Love was having none of that namby-pamby stuff, instead wading into a debate so contentious that his list has already generated 1488 comments, including one from a vegetarian who rethought his or her diet after reading Love's post.

"If someone could please gut and roast Tim Love, I'd be more than happy to eat him," B wrote. "In fact, I'll do the slaughtering if you'd let me."

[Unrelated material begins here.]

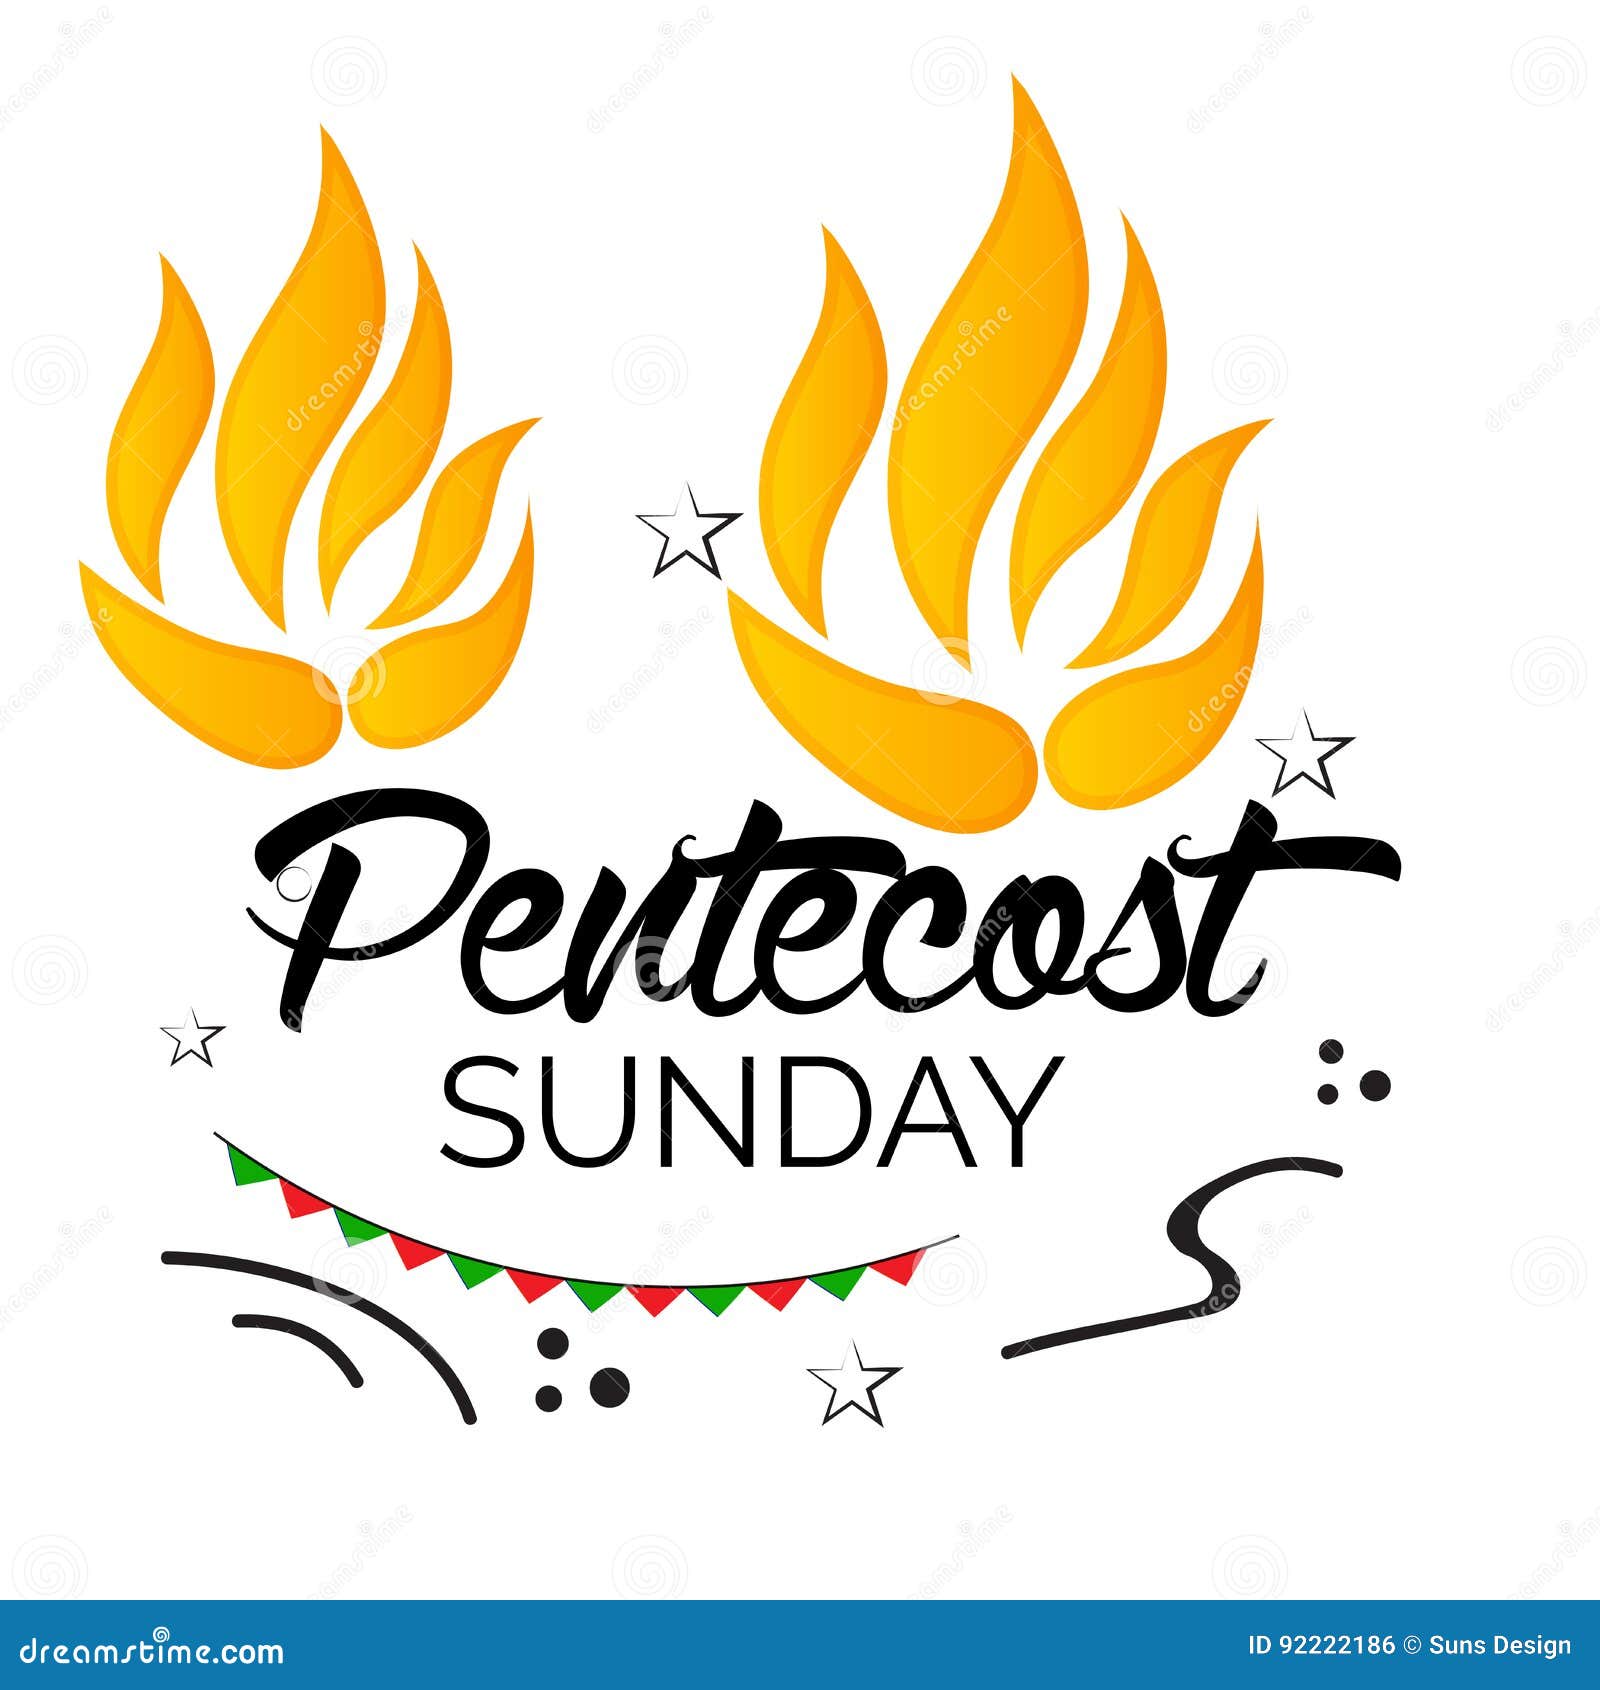 free christian clip art pentecost - photo #24

Love's reasons for meat-eating include steak's suitability for tailgating; steak's aroma; steak's iron and protein count and steak's taste, of which he writes: "I mean, really, which would you rather have -- a grilled Texas ribeye, or a piece of squash?" Before you answer, check out his third reason for beef consumption:

"Imagine a restaurant full of preachy vegetarians," Love writes. "If I want to eat meat, let me eat it in peace. Nobody is forcing you to be a vegetarian, so why are you trying to force us?"

Eatocracy editors were apparently unaware Love's position could cause any controversy in Texas:

"We talk a lot in this neck of the woods about the great vegetarian debate," they wrote in an introduction. "On the other hand, when you come from a state with cuts of meat named after it (i.e. the Texas ribeye) like Love, being an omnivore is pretty much a way of life."